What’s the plan for your taxidermy after you die?

I inherited a pile of taxidermy and have taken great pleasure in letting my kids play with all of the tanned animal skins that were hanging on the walls of my dad and grandfather’s homes or housed in some trunk—neither category to be played with. It seemed a terrible waste to me as a kid and still does.

I have no interest in hands-off mounts. Life is too transitory for that, in my opinion. My family can do what they want with the skulls and antlers, sell them for dog chews for all I care. Hopefully the furs are well worn out by the time I go.
 
My family has a couple of mounts from Sagamore Hill - Theodore Roosevelt’s house.
I’m not saying you’re lying, but I’ve had half a dozen or so people claim the same thing.

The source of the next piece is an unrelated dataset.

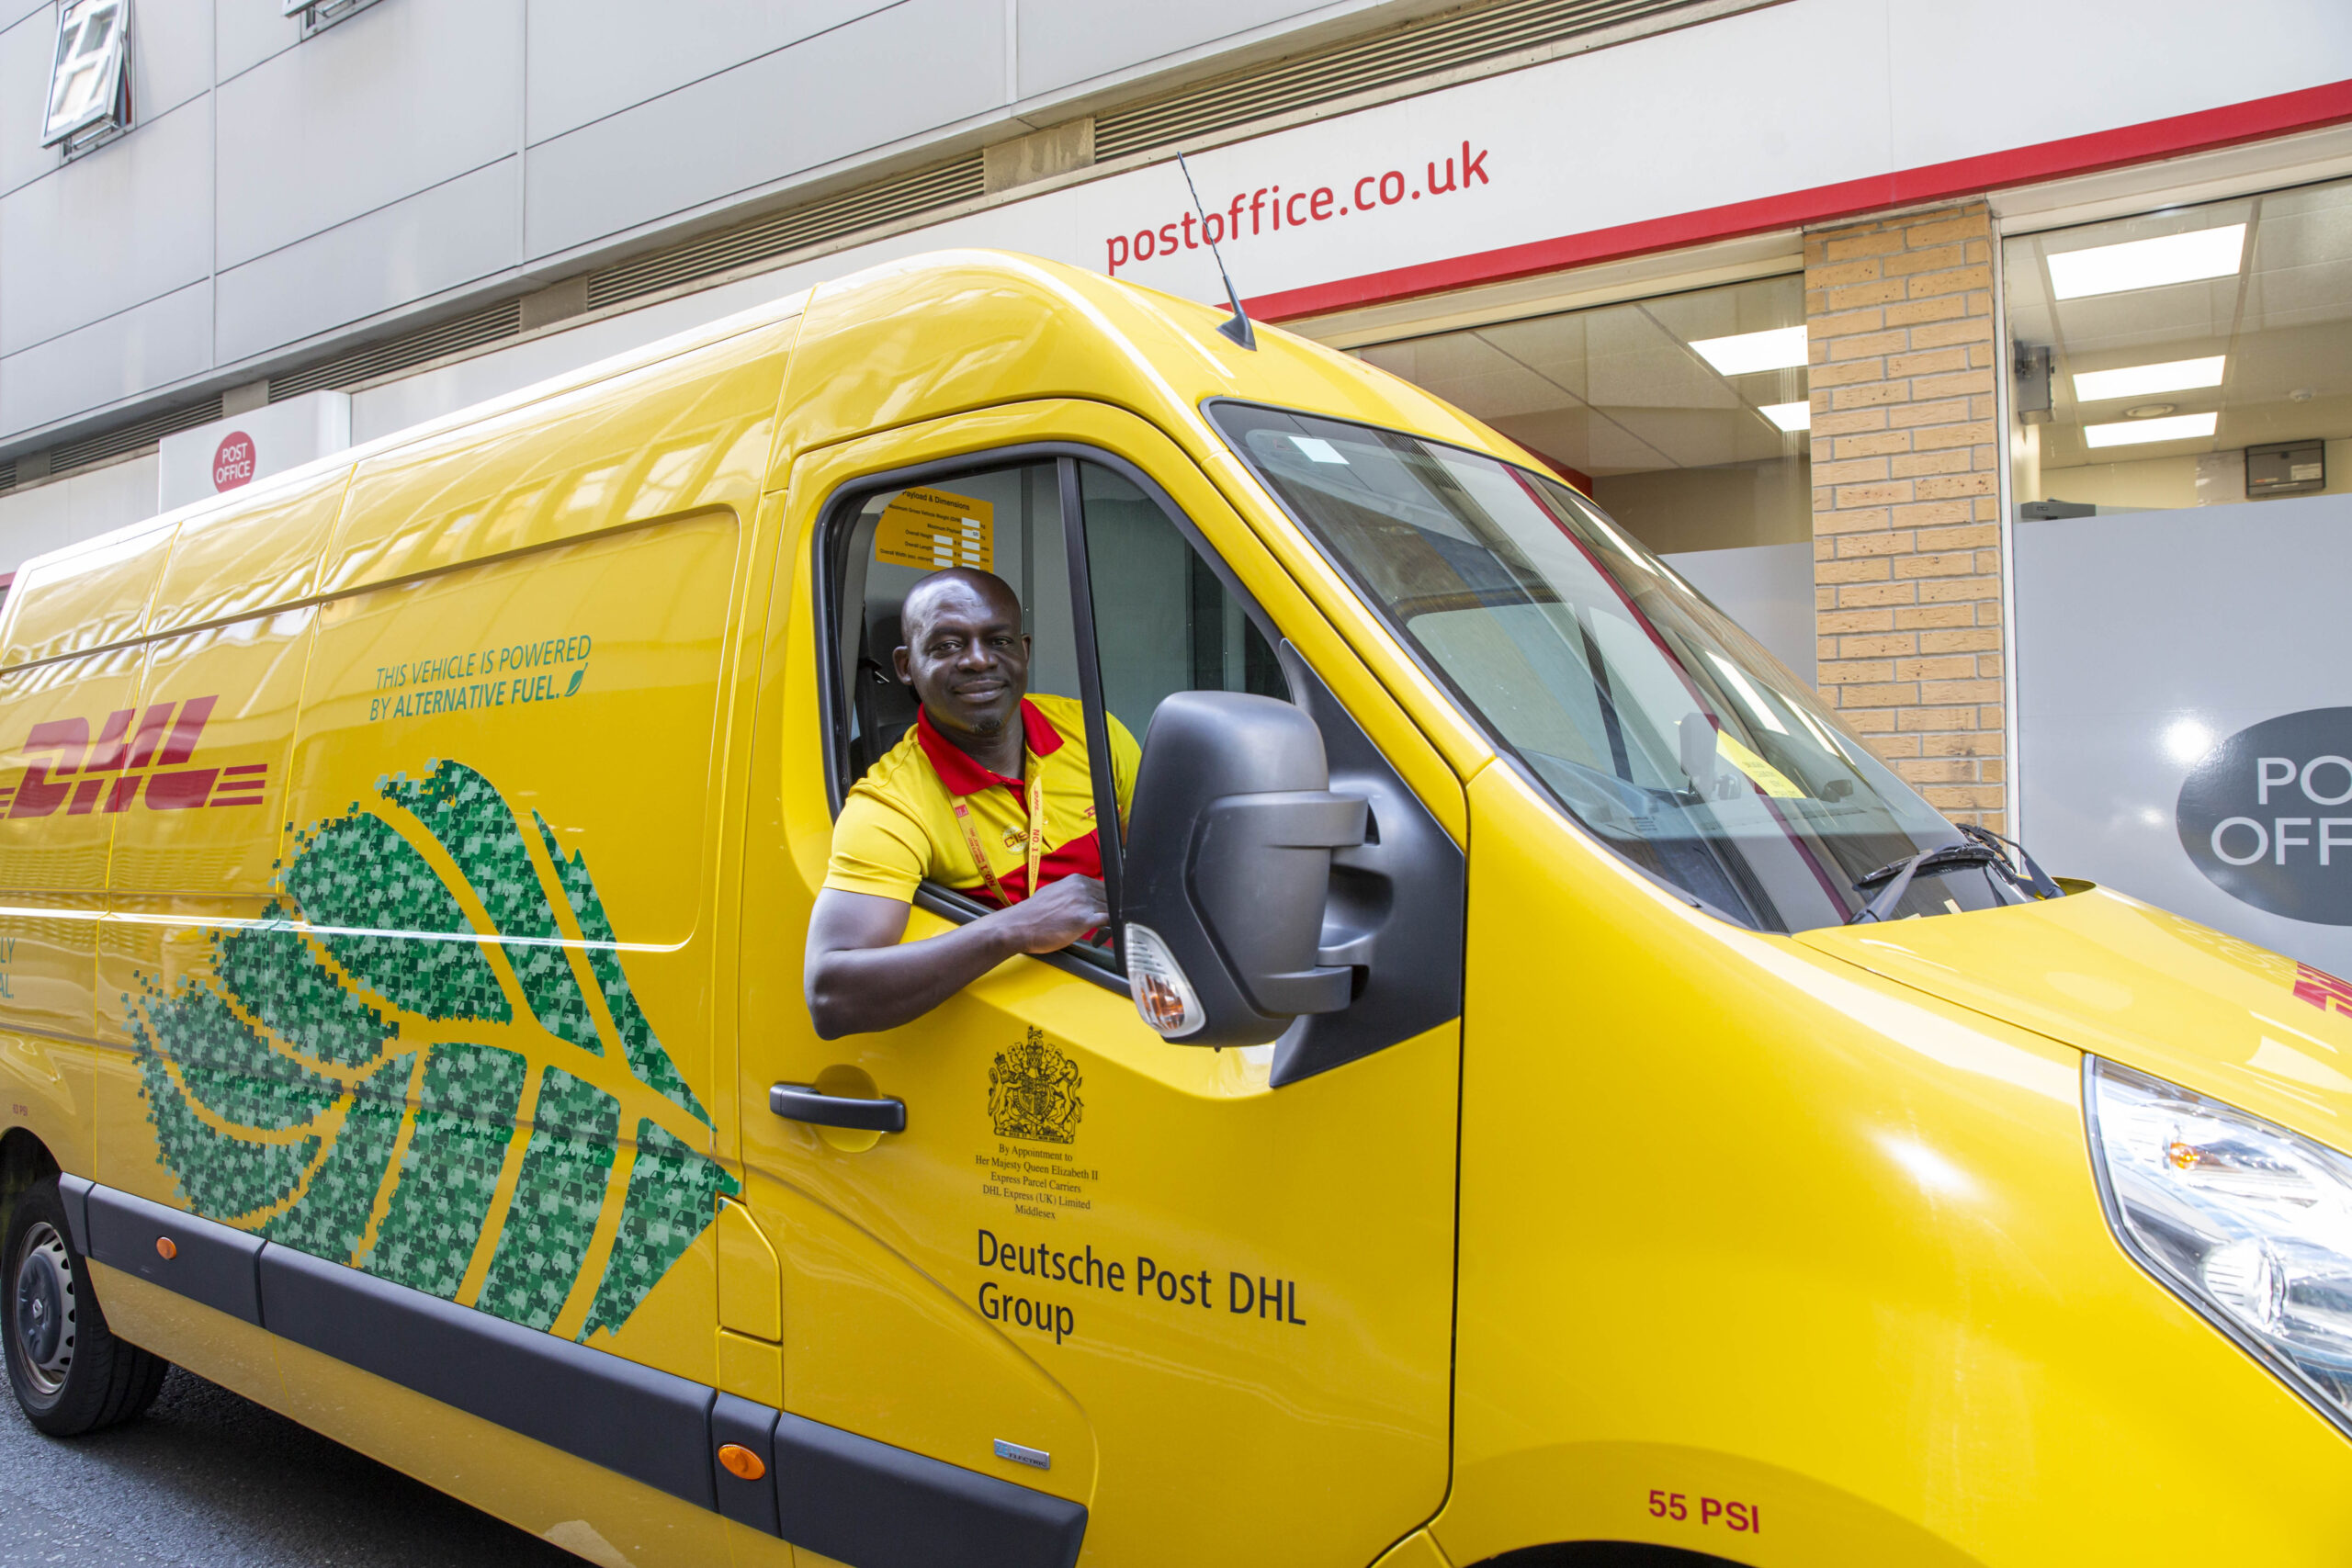 Post Office partners with DHL Express to provide click and collect services

Maybe he had so many mounts that there are that many floating around. Sort of like those Picasso drawings that are on napkins that can be had for a few hundred bucks.
 
This is why I have sold all of my elk antlers but the last 6 or so, and I really should just sell them too. Too big to really put anywhere and no one else would want them
 
Family can do whatever they want with them, I won't care.

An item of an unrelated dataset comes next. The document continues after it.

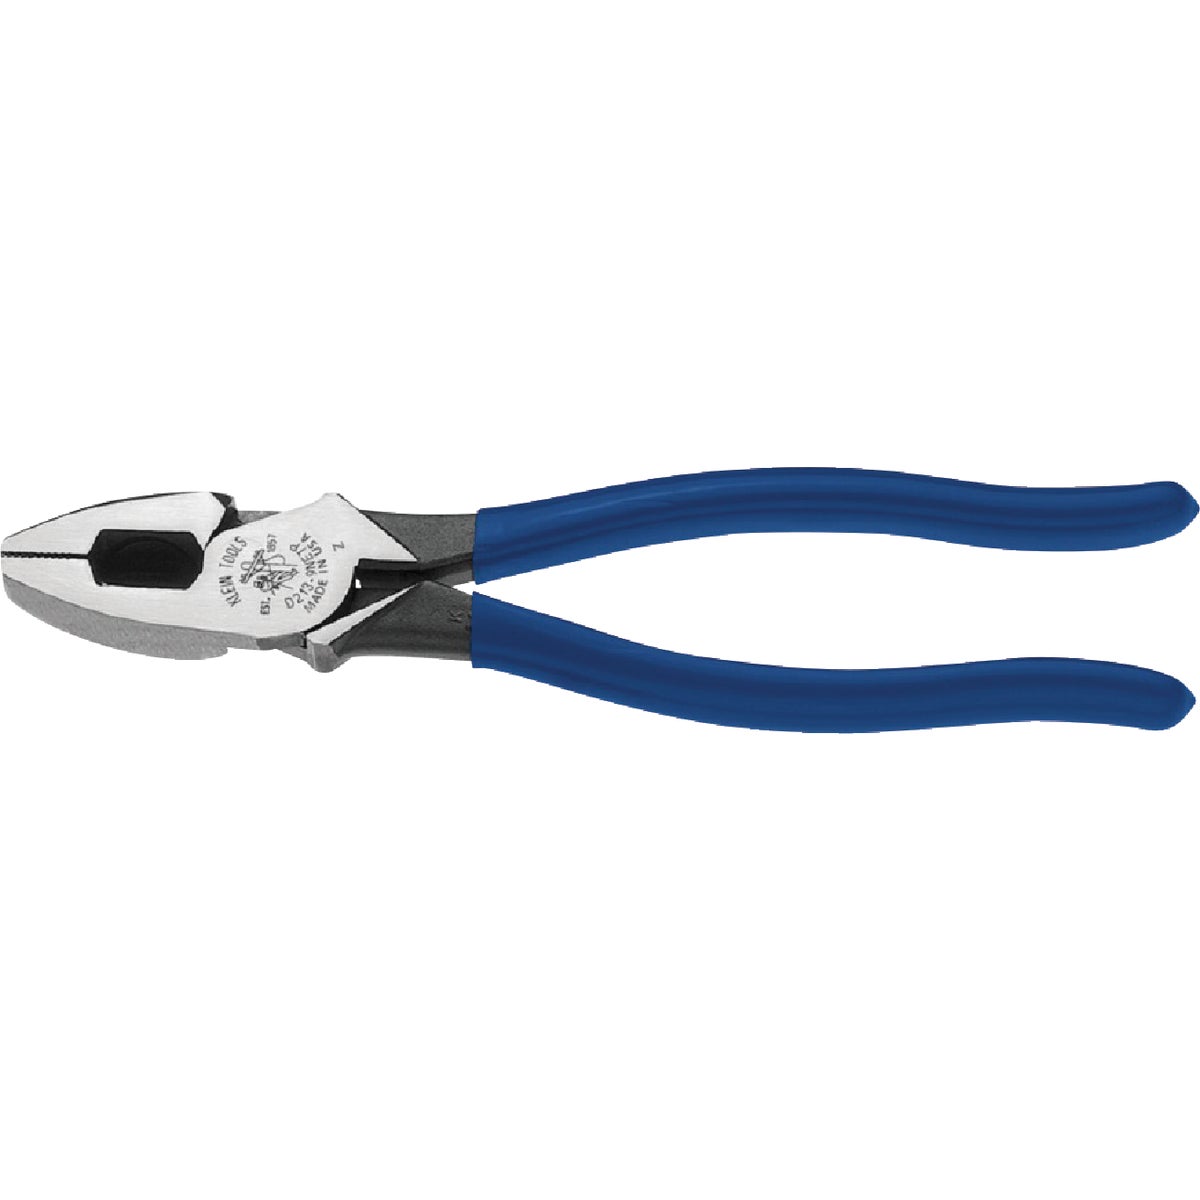 Klein 9-1/4 In. High-Leverage Fish Tape Pulling Linesman Pliers

I don't do many actual mounts, mostly skull mounts. I only have one whitetail shoulder mount and its at deer camp. The kids are on the way to having more mounts than me, barbary and oryx when we get it back.
 
I also read the title as “What’s your plan for getting stuffed upon your deceasement?”

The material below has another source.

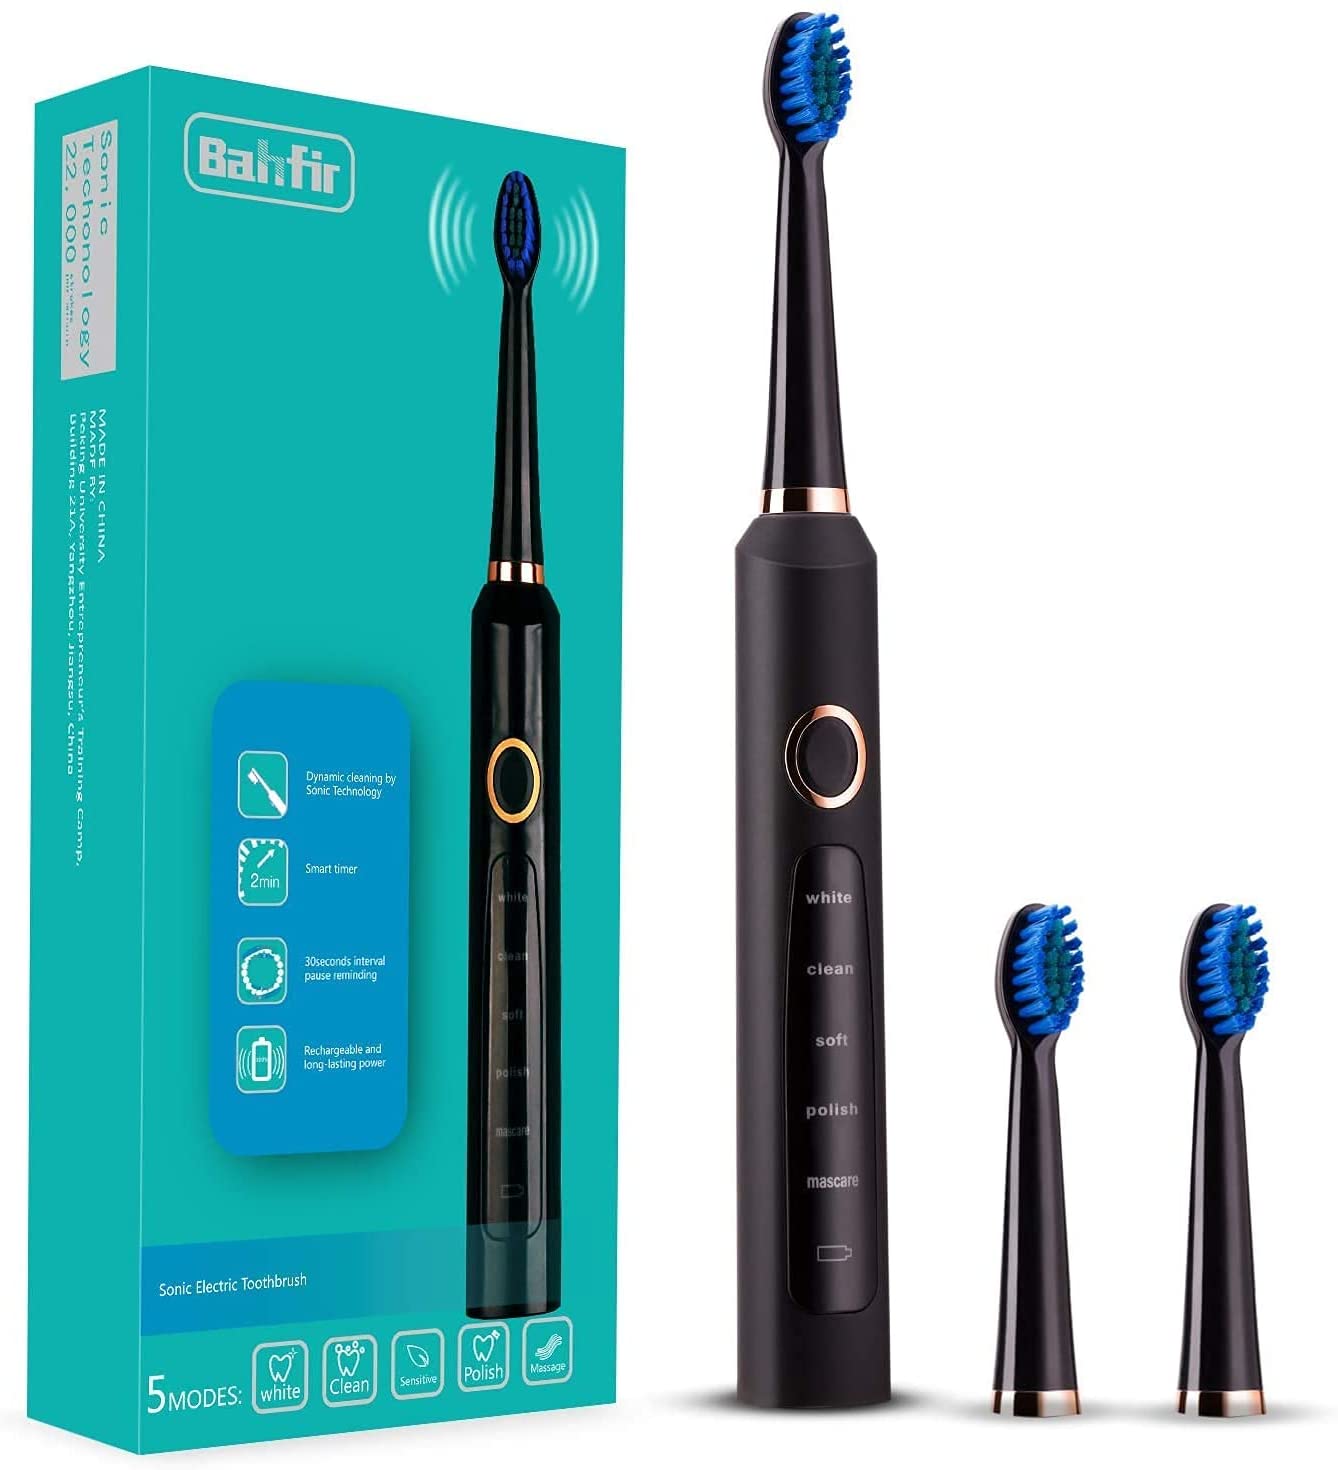 Bahfir Sonic Electric Toothbrush Ultra Cleaning Rechargeable 1 Time Charging 30 Days Use 5 Modes Power Toothbrush Waterproof 3 Brush Heads with Smart Timer for Adults and Kids, Black - Home Decor Gifts and More

My will clearly states this: I am to be left in the deep freeze for a week. Then sharpen my head with an axe ( it’s pretty much solid bone). Take me out to the tundra, stand me on my head, and have a pile driver whack my feet til I disappear. Then tequila shots for all participants.
 
Nobody wants or cares about your taxidermy. It will be a burden to your children and family. Get rid of it all before you die unless someone specifically wants one of your trophies. I want one of my dad's deer heads. We were hunting together when he killed it, and it was a great memory. The rest of them will just make me feel bad selling or giving them to my dogs to chew.
 
I’m not saying you’re lying, but I’ve had half a dozen or so people claim the same thing. Maybe he had so many mounts that there are that many floating around. Sort of like those Picasso drawings that are on napkins that can be had for a few hundred bucks.

There were an absolute ton of them. Sagamore Hill is still stuffed with them. They only kept the more spectacular ones at the house. There was a huge sale back in the early 1950s of TR and his son’s “overflow” trophies. My grandfather bought a seladang or gaur for the princely sum of $8. It dominates my older brother’s sitting room. There’s some other smaller SE Asian bovine with swept back horns my mother got for $2.